The Palace became dismayed when they learned that some of Diana’s sworn statements did not jibe with those of her personal detective. When Ken Wharfe was scheduled as a defense witness, the detective was swiftly transferred out of her service. Then Diana’s chauffeur decided he wanted to work for Prince Charles. Diana had not been consulted about either move. Losing both men, who had been in her service for several years, left her shaken. Hours after being informed of the transfers, she arrived at a theater gala with red, puffy eyes. She stayed less than an hour before she ran out sobbing. The Palace said she was suffering from a migraine.
The next day’s newspapers carried stories about “the tormented mind of a princess” and speculated she was suffering from a recurrence of bulimia. The employees’ transfers were interpreted in the press as Palace plots to undermine her stability.
She tried to put the matter to rest three days later in a speech to charity workers: “Ladies and gentlemen, you are very lucky to have your patron here today,” she said. “I am supposed to have my head down the loo for most of the day…. I am supposed to be dragged off the minute I leave here by men in white coats.”
Her audience applauded her good humor. “If it is all right with you,” she concluded, “I thought I would postpone my nervous breakdown to a more appropriate moment.” Smiling, she added, “It is amazing what a migraine can bring on.”

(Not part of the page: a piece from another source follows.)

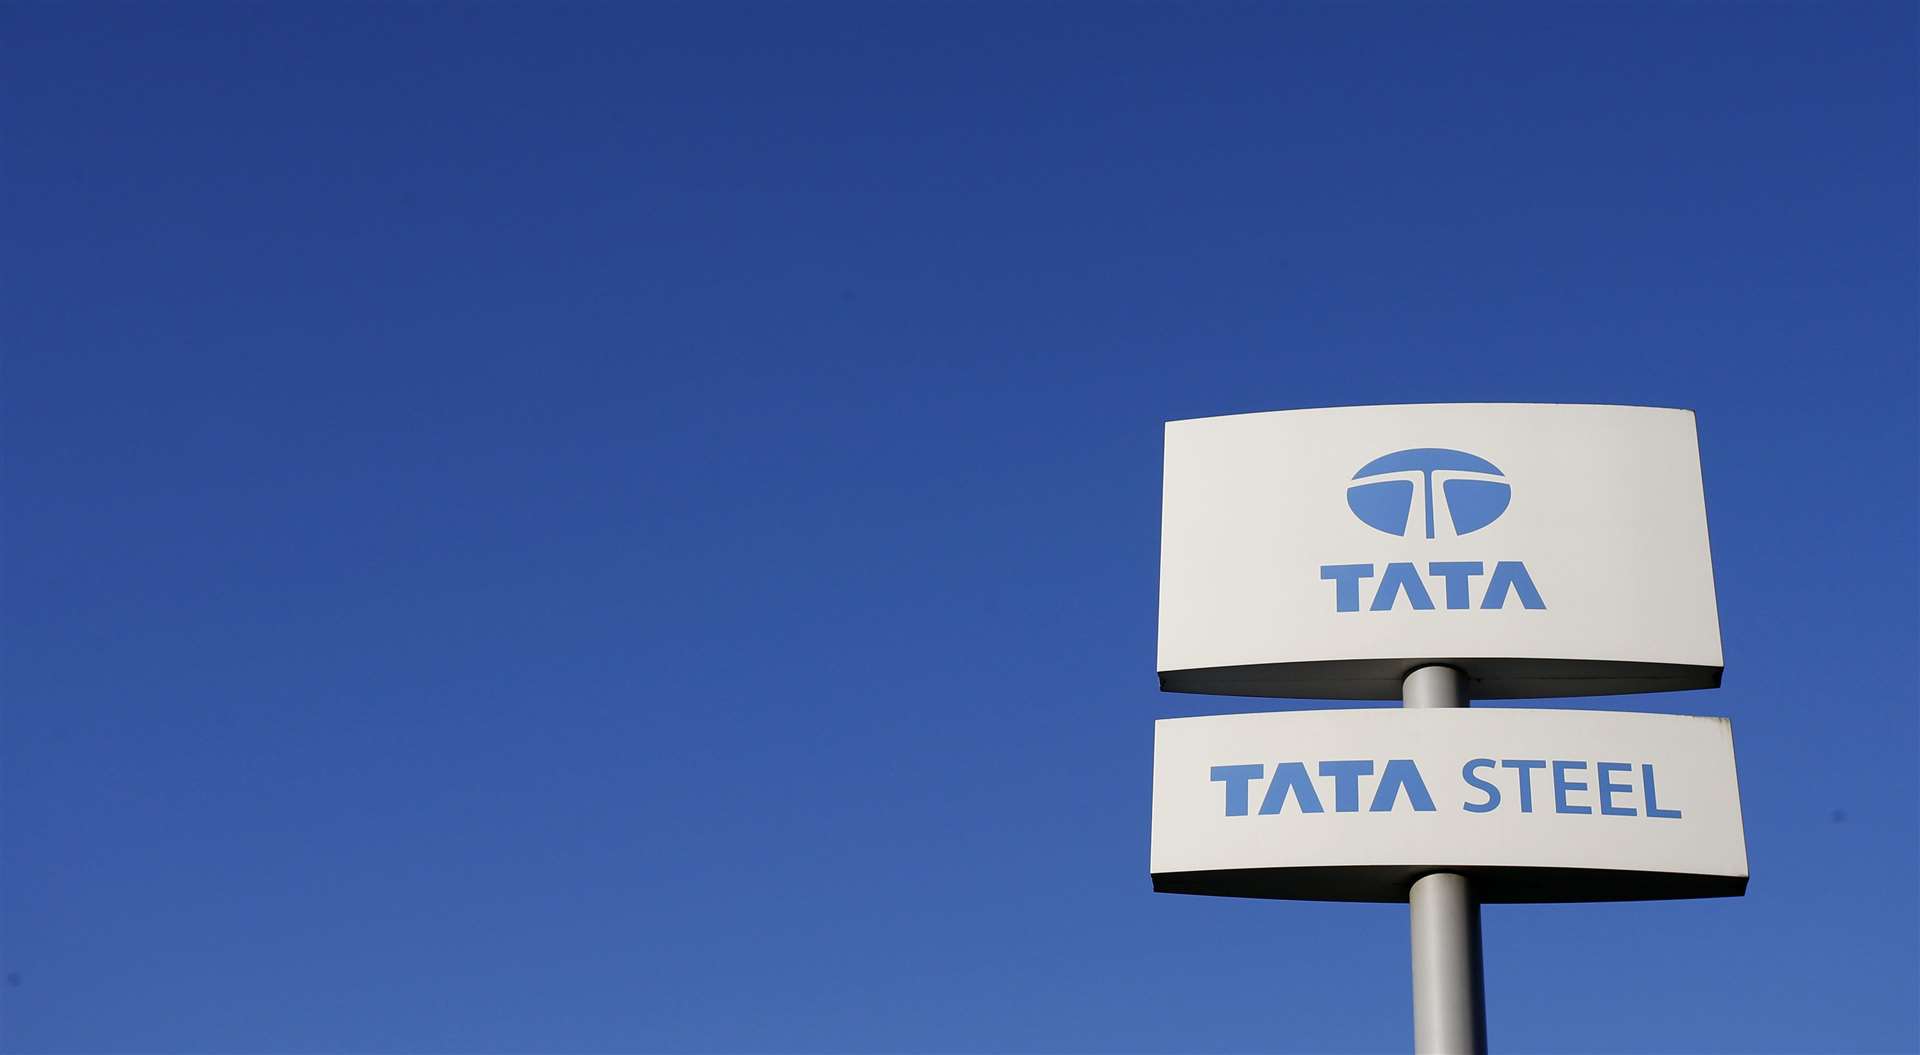 Tata Steel employs around 8,000 people across the UK (Peter Byrne/PA)

By then the Queen had reconsidered her support for Diana’s lawsuit. She questioned whether the emotional Princess could stand up to tough cross-examination. Further, she was troubled to learn that Diana’s former lover James Hewitt was a houseguest of Geoffrey Robertson. The lawyer indicated he might subpoena Hewitt to establish just how averse the Princess really was to invasions of her privacy. The Queen was disconcerted to read Hewitt’s comment to Robertson’s wife, Kathy Lette, who asked him what the Princess was really like: “She’s got bad breath,” said Hewitt, “and she wants sex all the time.”
The press was salivating over the prospect of a trial, and more than nine hundred reporters had applied for credentials in a courtroom with seventy-five seats. The Queen was concerned about the international media hoopla and did not want to see a member of the royal family take the witness stand. She recommended the case be settled out of court.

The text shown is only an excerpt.